Andrew Schrock aschrock at cs.brandeis.edu
Tue May 25 08:16:51 CEST 1999


On Tue, 25 May 1999, Michael Potas wrote:
> I have noticed that most state variable filter circuits use the CA3080
> and not the LM13600.  Do the CA3080s sound better?  The LM13600s work
> out much cheaper, having dual OTAs and buffers in the same package,
> compared to just a single OTA for about the same price. They also taking
> up a lot less PCB space to implement.
> 
> I want to build a CV controlled crossfade circuit.  The idea is that I
> can smoothly fade between two input waveforms to create a single output
> waveform.  Hence using say Trig and square wave inputs, you can morph
> between one and the other using CV.  My plan is to use two  VCAs fed an
> opposite polarity CV signal.  Has anyone done this, and does it work OK?

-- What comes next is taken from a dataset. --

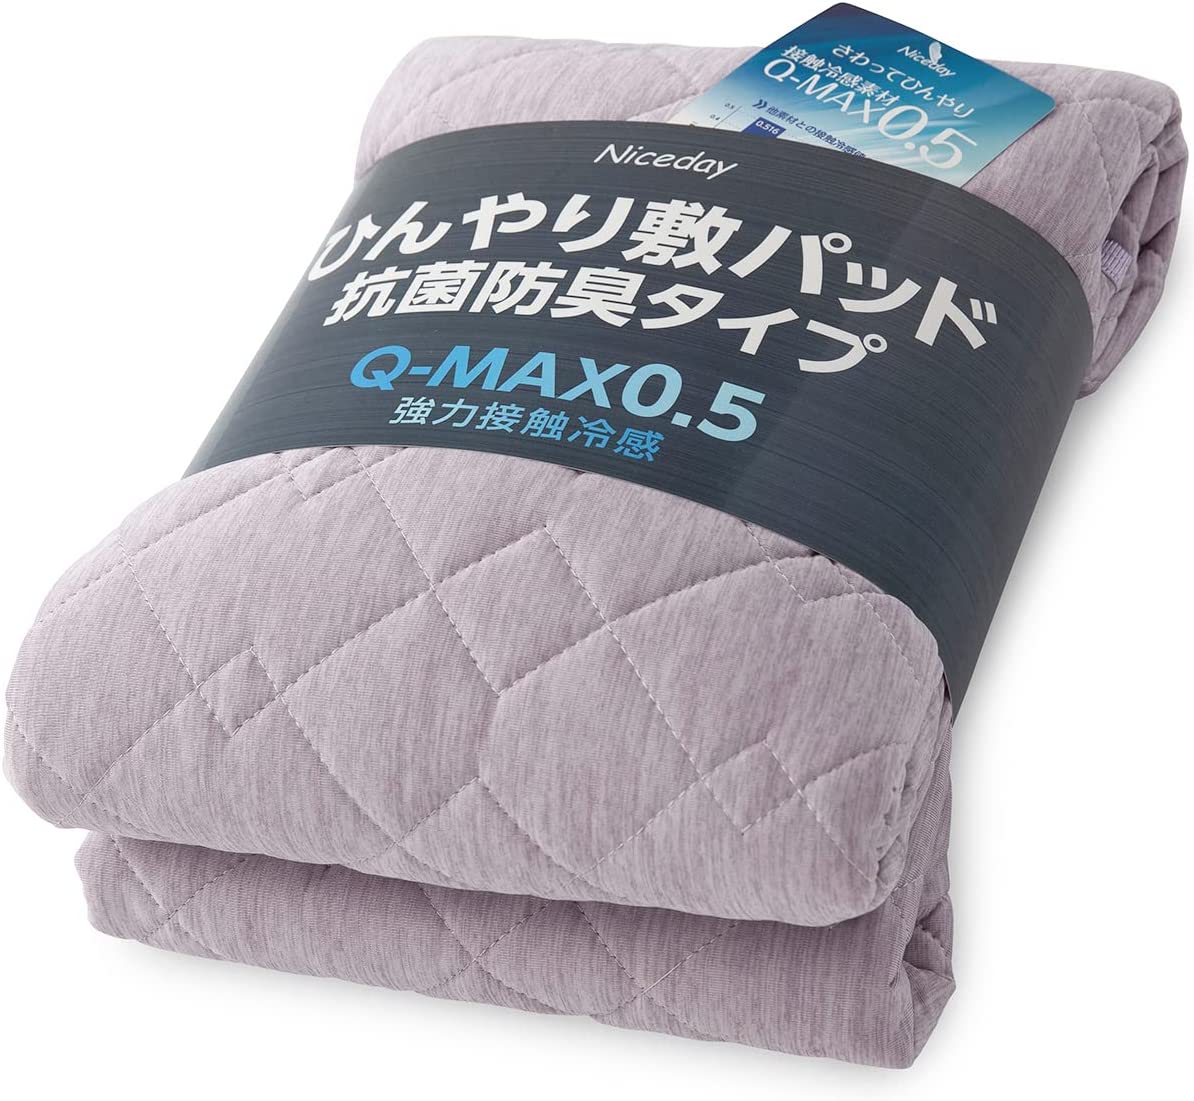 【日本代購】Niceday 涼爽 床墊 觸感清涼 Q-max0.542 可洗 褥墊 抗菌 防臭 雙面可用 粉色

Yeah.. I actually want to do a QUAD VC-crossfade circuit, with the audio 
inputs amplitude controlled by default with a joystick. When C/V is
inserted, it bypasses the voltage output by the joystick. This would be in
my mind beautiful for mixing, say, HP/NP/LP or saw/tri/pulse/sine outputs.
I forget who I was discussing mixing waveforms with a few months ago, but
I was trying to argue that it's better to have just output jacks and no
mixing ability.. was I ever wrong... 

For a dual crossfade, just run the second VCA through an inverting opamp
at unity gain. Should work dandy as long as you trim the C/V on both of
them correctly. You could always use the dual-opamp + 3080 method, but
it's a little noisy IMO. Definitely usable tho!